An open-coiled helical spring made of 8 mm diameter wire has 12 coils. If the spring is subjected to an axial load of 600 N, calculate the deflection of the spring.
First, we need to calculate the shear modulus of the material of the wire.
Given:
Diameter of wire (d) = 8mm = 0.008m
Number of coils (N) = 12
Axial load (F) = 600N
Deflection (δ) = ?
Shear modulus (G) = ?
The formula to calculate the shear modulus is:
G = (8*(1+(2*v)) * (d^4)) / (16 * (D)^3) * (N^3)
Where:
v = Poission's ratio (for steel, it is approximately 0.3)

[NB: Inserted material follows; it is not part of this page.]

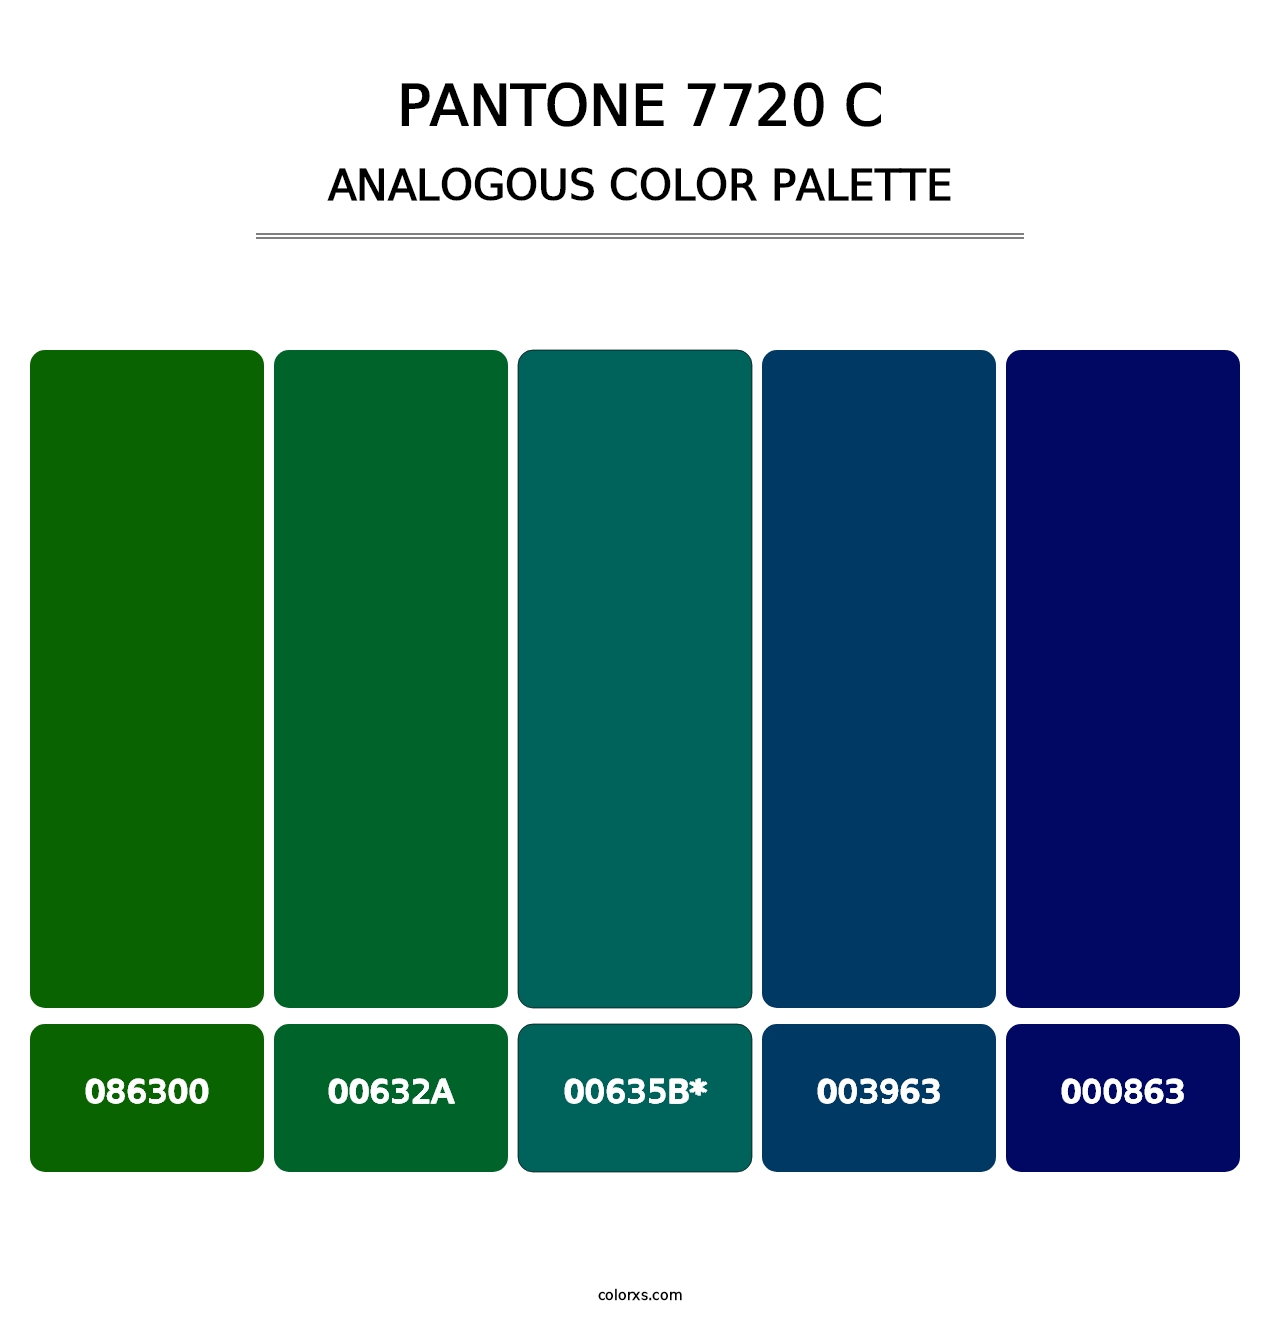 PANTONE 7720 C - Analogous Color Palette

Substitute the given values into the formula:
G = (8*(1+2*0.3) * (0.008^4)) / (16 * (0.008)^3) * (12^3)
G = 67.2 GPa
Next, we need to calculate the spring constant (k) using the formula:
k = G * (D^4) / (8 * (d^3) * N)
Substitute the values into the formula:
k = 67.2 * (0.008^4) / (8 * (0.008^3) * 12)
k = 3520 N/m
Finally, we can calculate the deflection of the spring using Hooke's Law:
δ = F / k
δ = 600 / 3520
δ = 0.17m
Therefore, the deflection of the spring under an axial load of 600 N is 0.17 meters.